The productivity metric would register the Berkeley findings as an unambiguous positive. More output per worker. More tasks completed. More domains covered. The metric would show a productive workforce becoming more productive. What it could not show was that the productivity was being purchased with cognitive reserves that were not being replenished — that the fuel gauge was dropping while the speedometer climbed.

Coyle's framework for understanding this pattern draws on her analysis of what she has called the "productivity J-curve" — the observation that transformative technologies typically produce a period of apparent productivity decline before the gains materialize, because the organizational restructuring the technology requires temporarily reduces measured output even as the capabilities expand.

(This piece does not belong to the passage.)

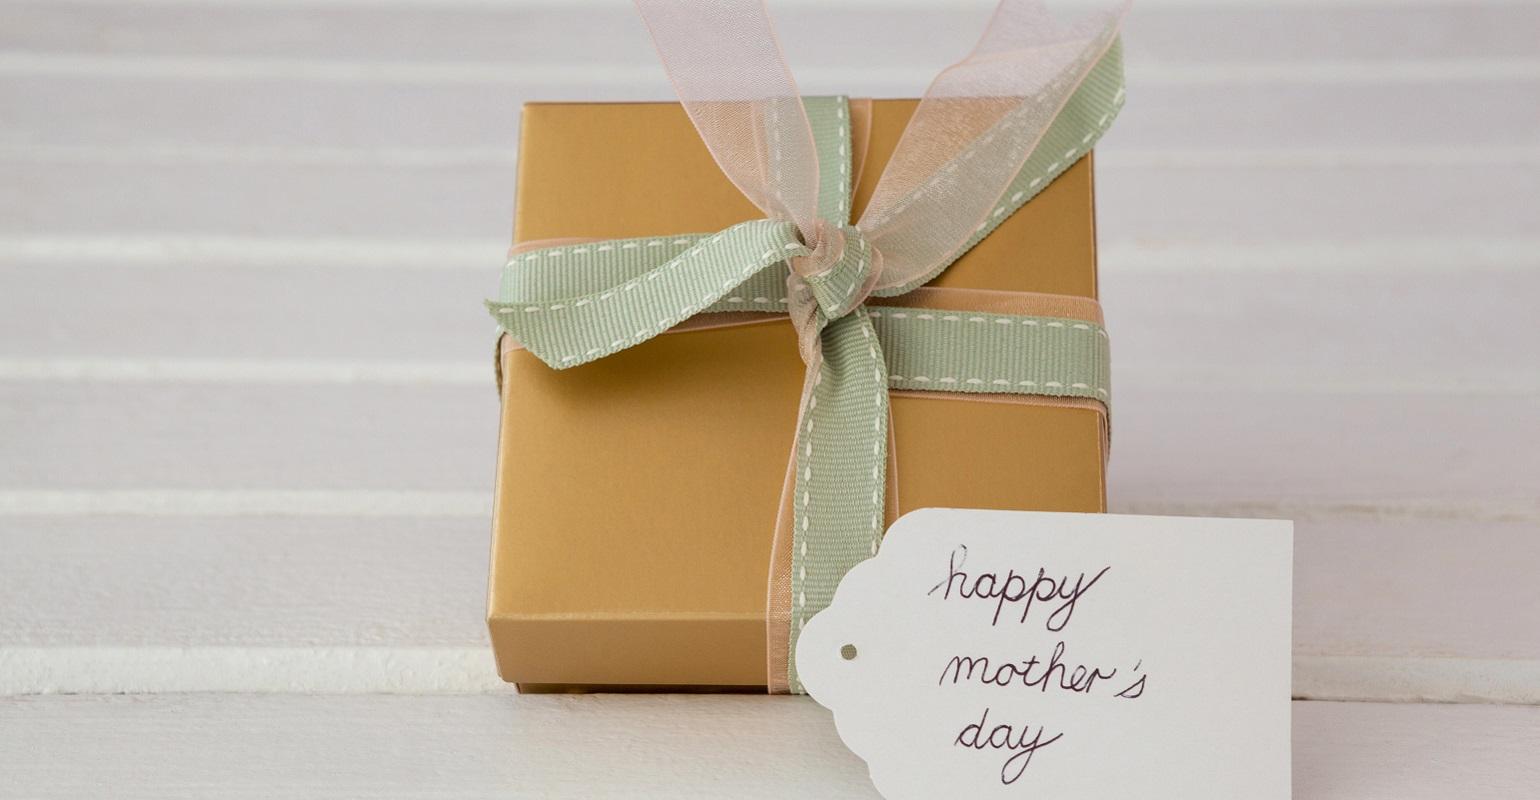 https://www.itprotoday.com/sites/itprotoday.com/files/styles/article_featured_retina/public/mothers-day.jpg?itok=LywWND_Q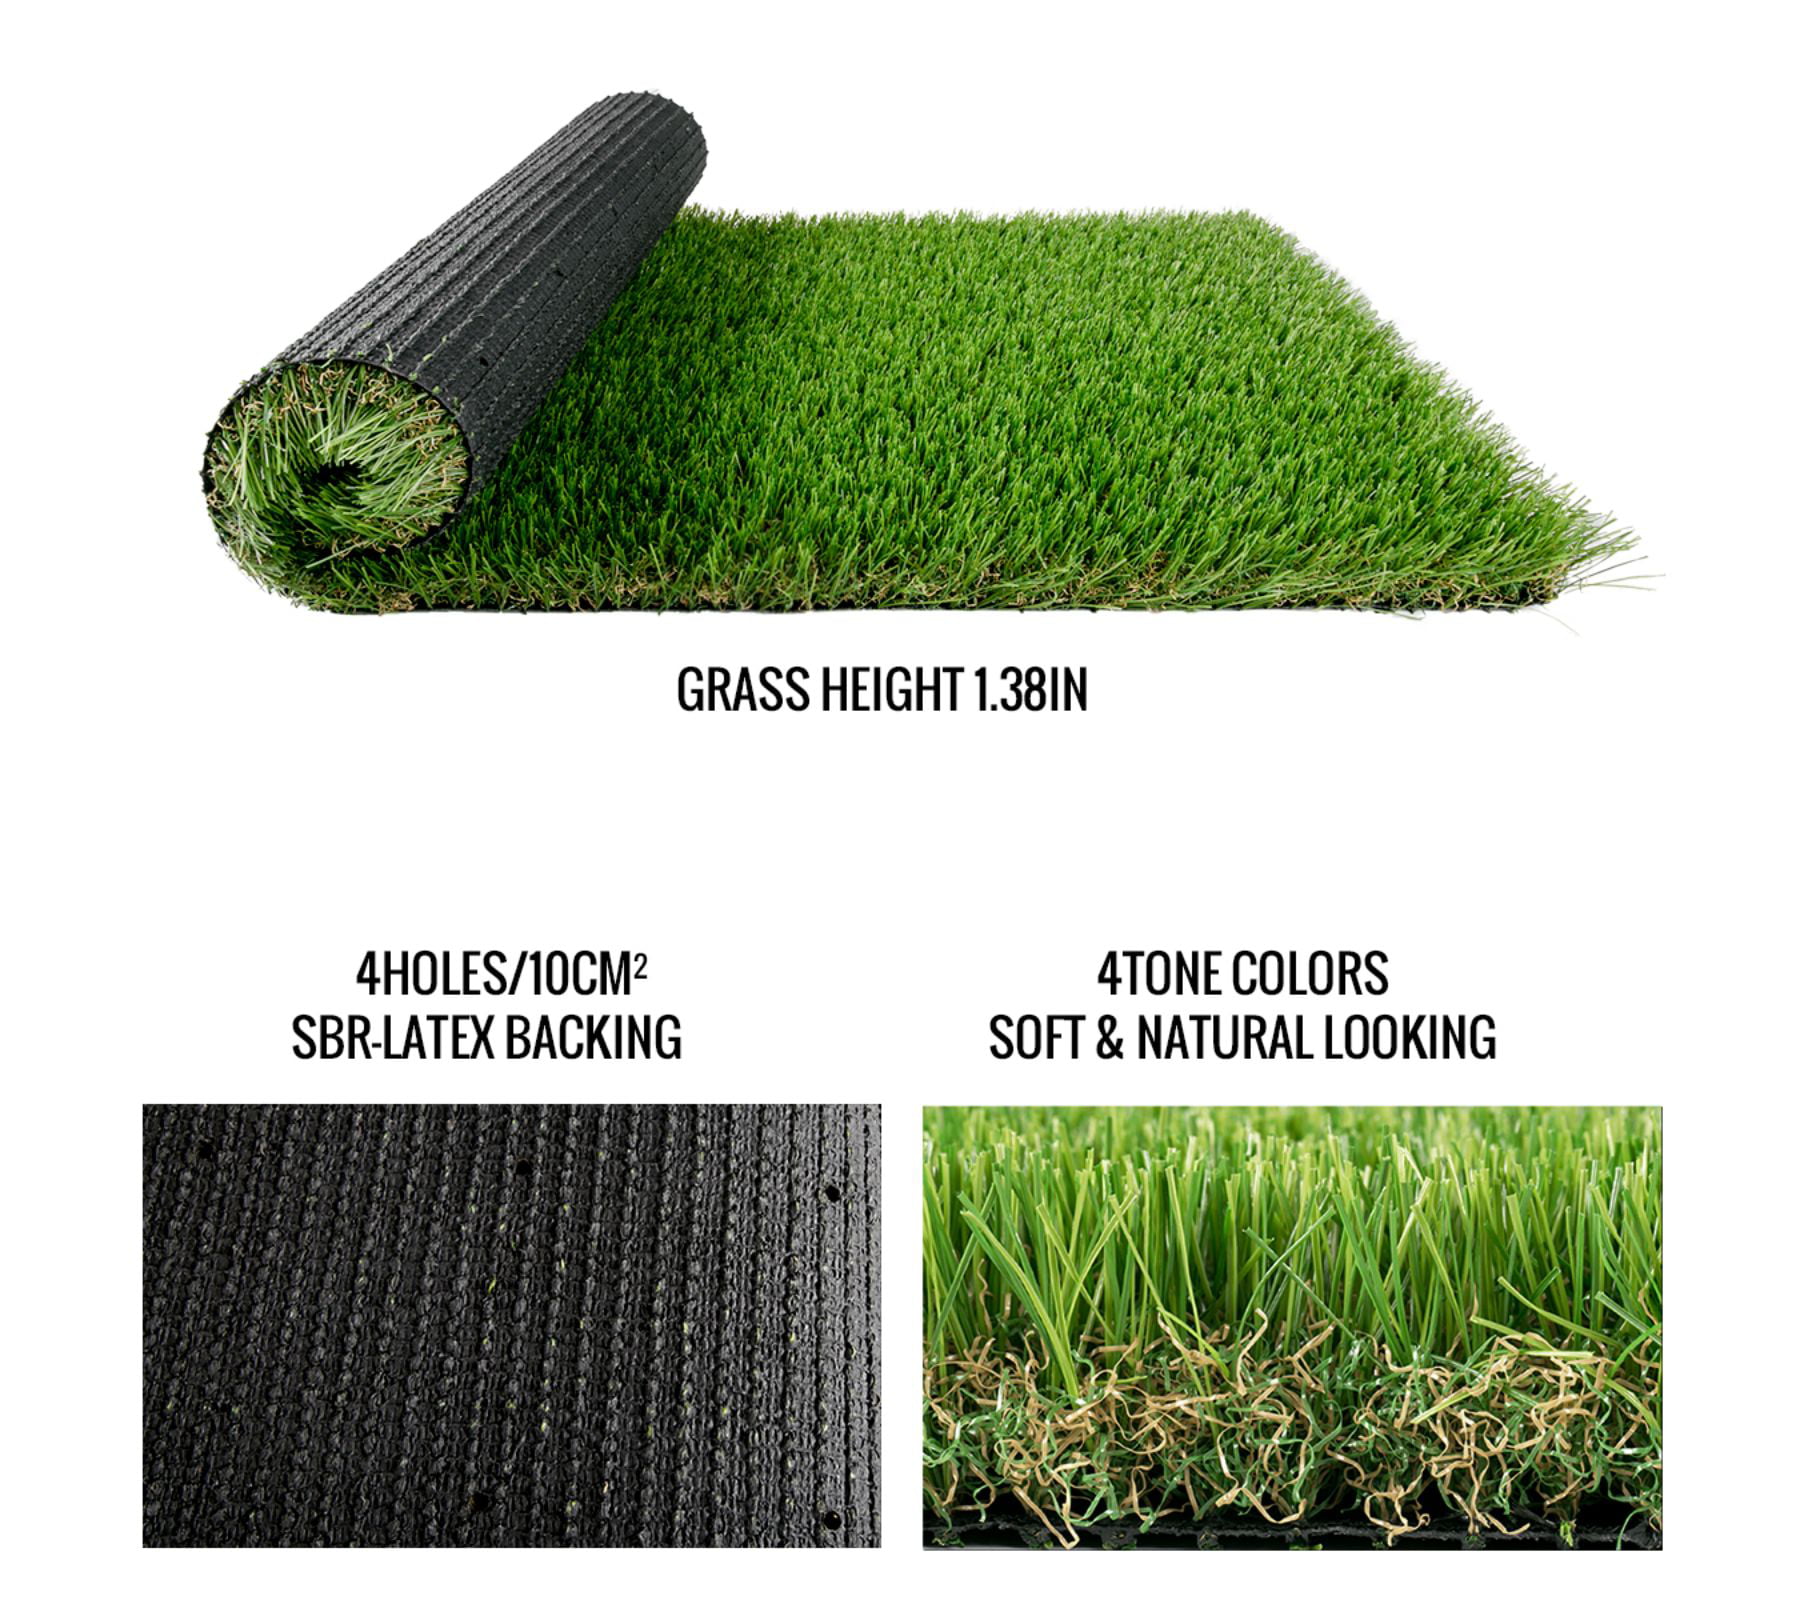 Premium Synthetic Turf Artificial Lawn Fake Grass Backed With Drainage Holes

The J-curve explanation was part of the resolution of the original Solow paradox: productivity appeared to stall because firms were investing in reorganization whose benefits had not yet materialized.

The AI transition may be producing a different distortion: a productivity peak that conceals an unsustainable intensity. The gains are real but partially borrowed from the future — drawn from cognitive reserves, health reserves, relational reserves that will need to be repaid. The productivity J-curve described a temporary dip followed by sustainable gains. The AI intensity pattern may describe a temporary surge followed by a correction — a burnout wave, a quality decline, a withdrawal of the human engagement that the intensity depends upon.

Coyle's most recent empirical work, co-authored with Jörden and Poquiz and published as a 2025 working paper, investigated the determinants of firms' decisions to adopt AI. The findings reinforce the intensity hypothesis from a different angle. The binding constraint on AI adoption, the researchers found, was not the technology itself but the cost of organizational restructuring — the workflows that needed redesigning, the roles that needed redefining, the management practices that needed updating. Firms that adopted AI without restructuring their organizations produced the intensity pattern: more output from the same workers at higher cognitive cost. Firms that invested in organizational change — slower to show gains, costlier in the short term — were more likely to produce the efficiency pattern: genuine process improvements that sustained themselves over time.

The policy implication is substantial and uncomfortable. A productivity metric that cannot distinguish efficiency from intensity will reward the wrong pattern. It will celebrate firms that extract more from their workers and overlook firms that invest in sustainable transformation. It will present the burnout factory and the well-managed organization as equally productive, because the statistic that separates them — the sustainability of the working pattern — does not exist in any reporting framework that feeds into national accounts.

Coyle has argued, in her Stanford Digital Economy Lab white paper on measuring AI, that the next step is to treat AI-enabled information as an input to a knowledge production function within an endogenous growth framework. The technical language conceals a radical proposal: that we need to measure not just what AI produces but what it consumes — including the human cognitive inputs whose depletion is invisible to every metric currently in use.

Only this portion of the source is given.